== ACTIVITY ==
The listing is to be repeated exactly, and its pictures are to be left out.

DATASET CONTENT below:

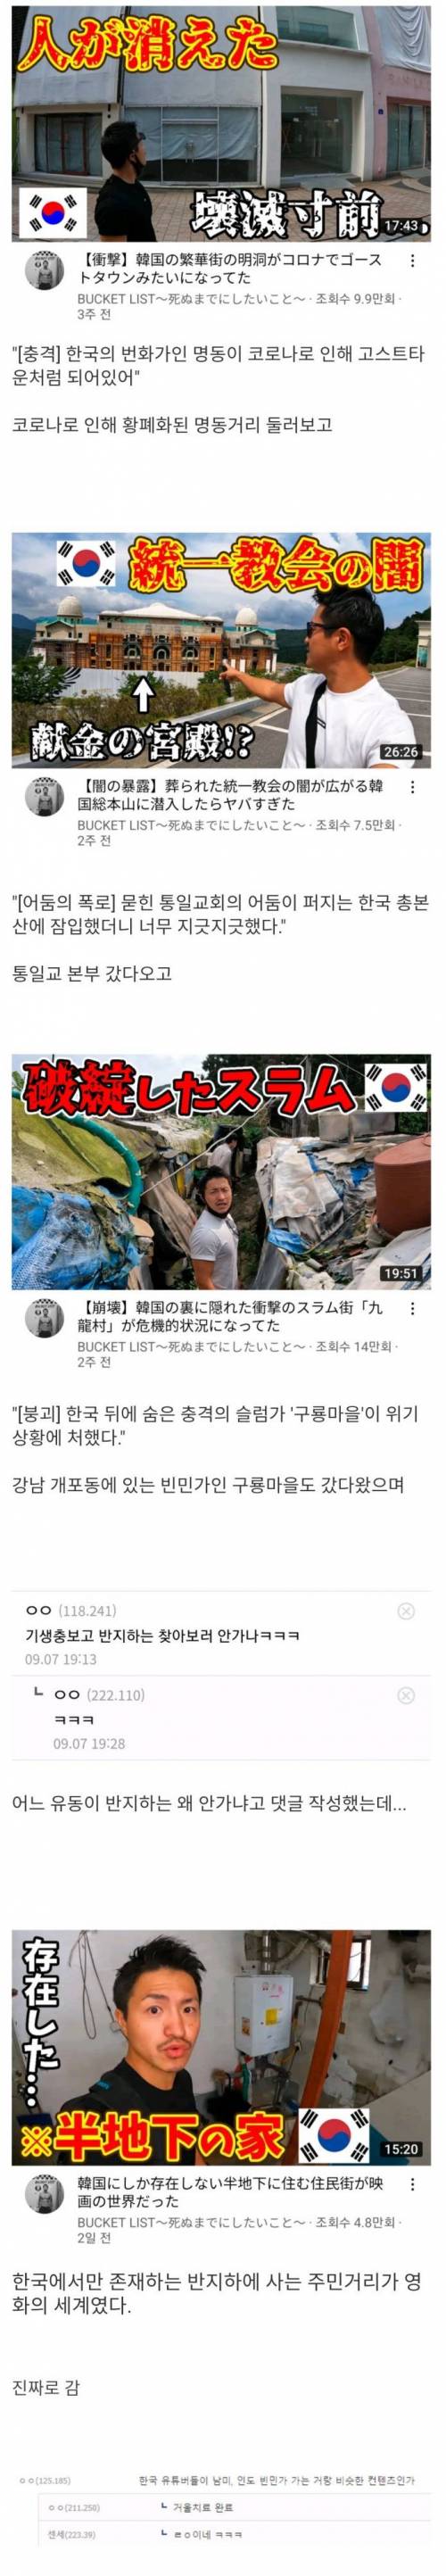 한국 여행온 일본 여행 유튜버의 컨텐츠
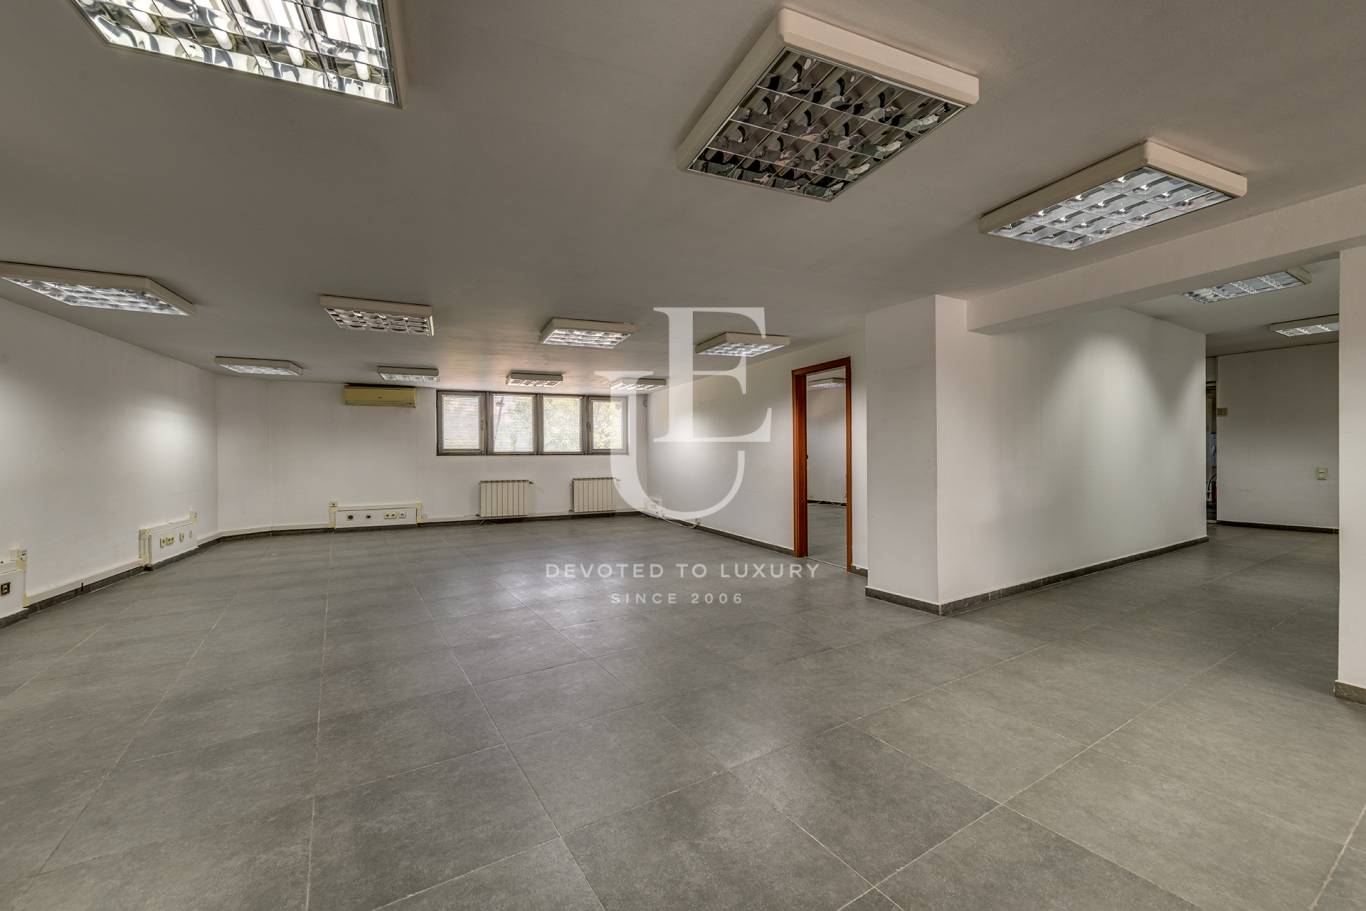 Офис под наем в София, Манастирски ливади - изток - код на имота: K20583 - image 3
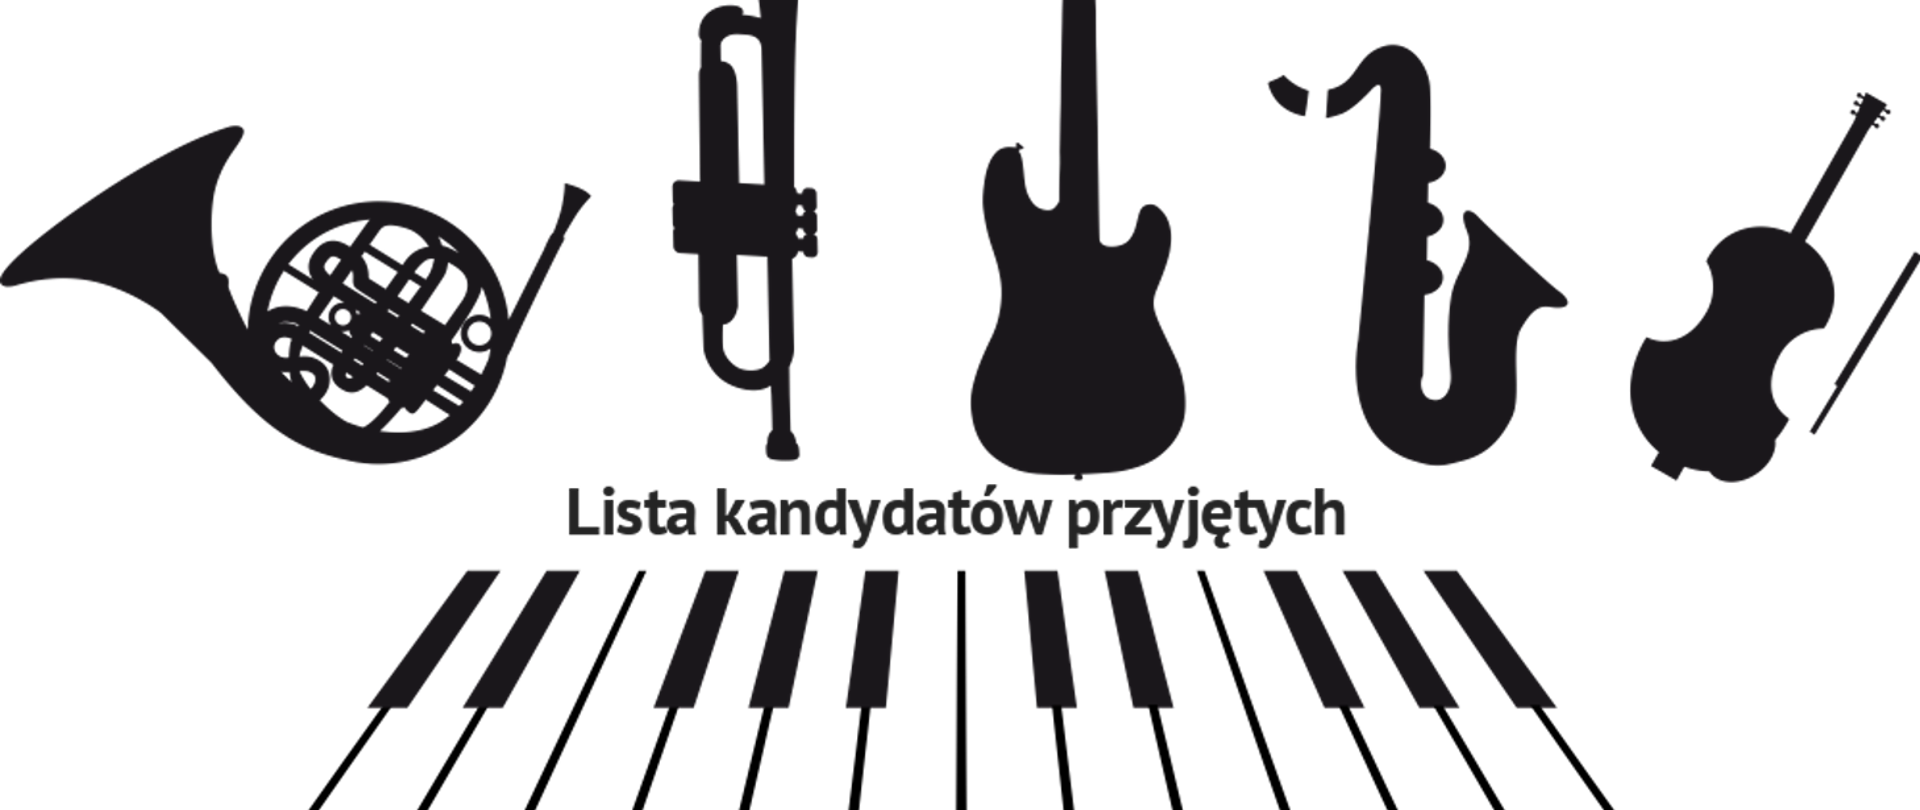 Na białym tle czarne ikony instrumentów muzycznych oraz napis "Lista kandydatów przyjętych ".
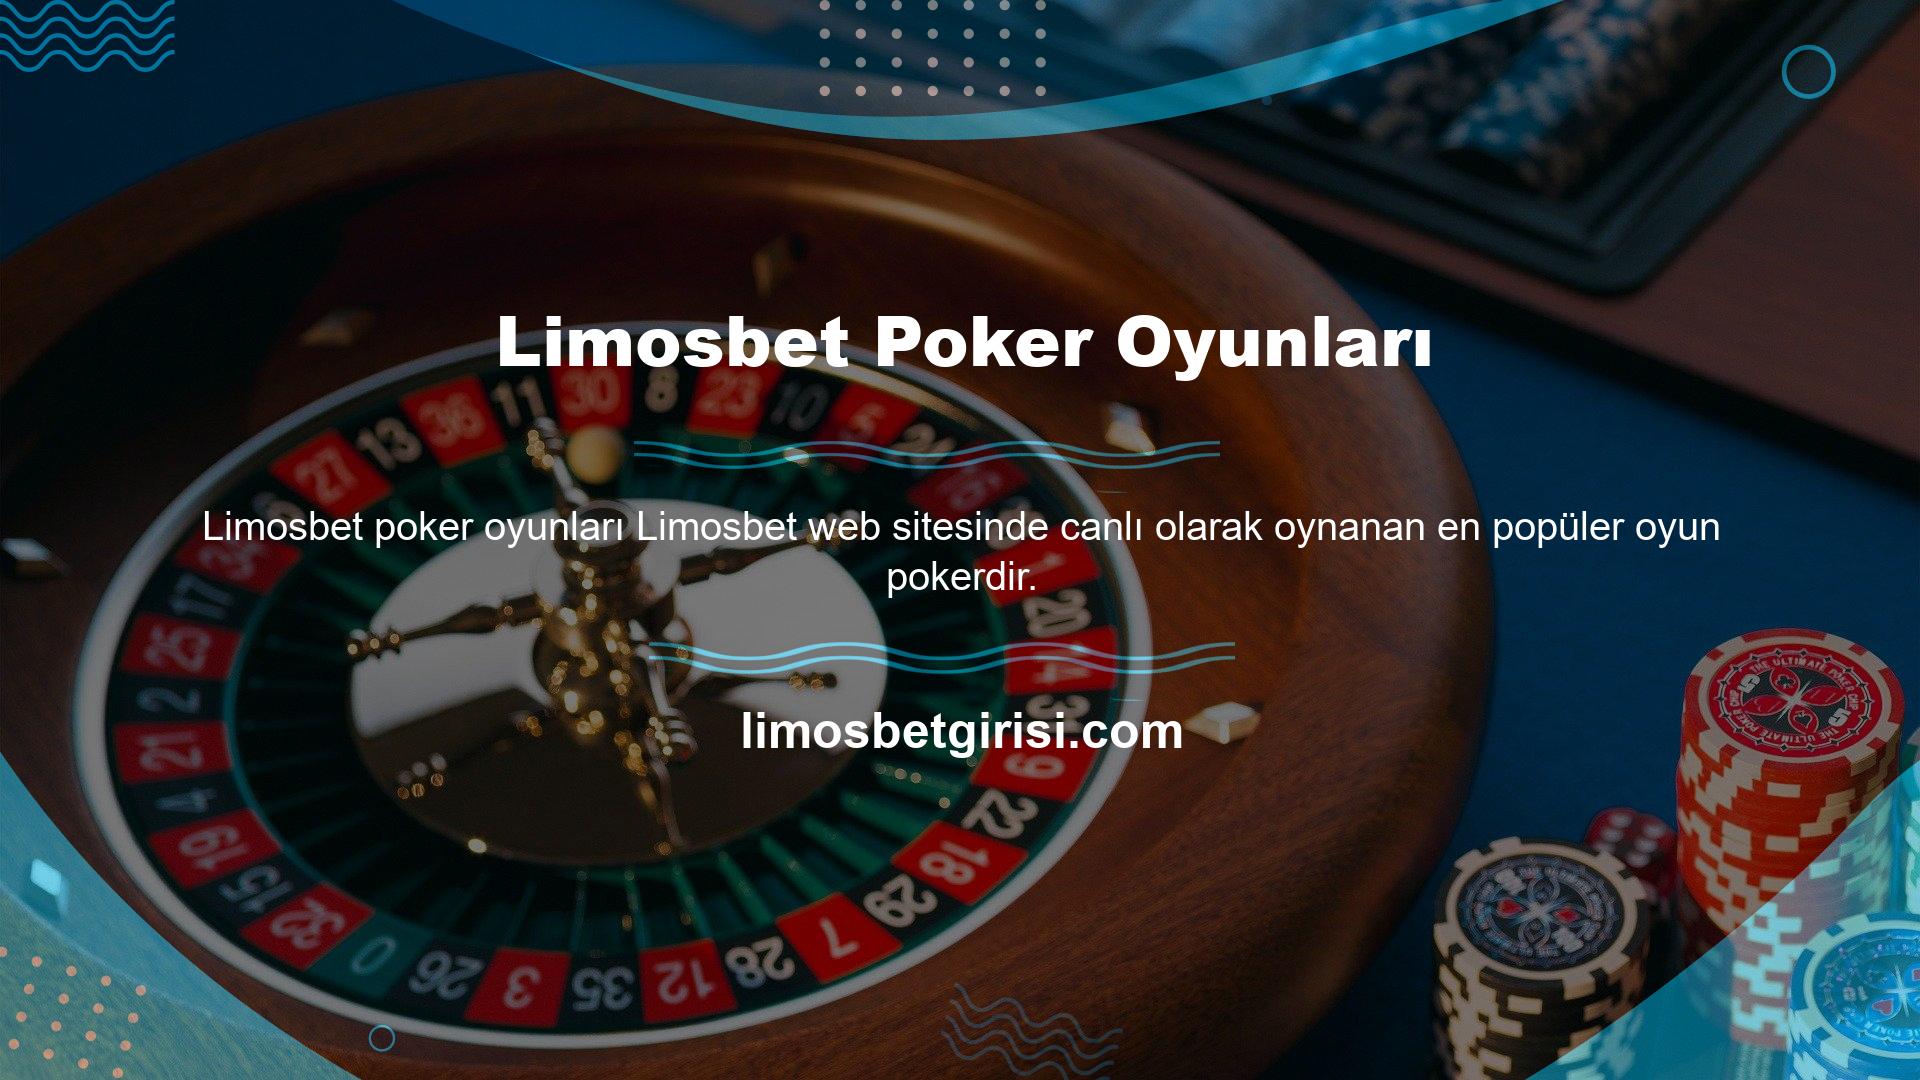 Limosbet sitesinde bir poker odası mevcuttur

End of DATASET CONTENT.

== RESPONSE AREA ==
 한국 여행온 일본 여행 유튜버의 컨텐츠
 Офис под наем в София, Манастирски ливади - изток - код на имота: K20583 - image 3
 Na białym tle czarne ikony instrumentów muzycznych oraz napis "Lista kandydatów przyjętych ".
 Limosbet sitesinde bir poker odası mevcuttur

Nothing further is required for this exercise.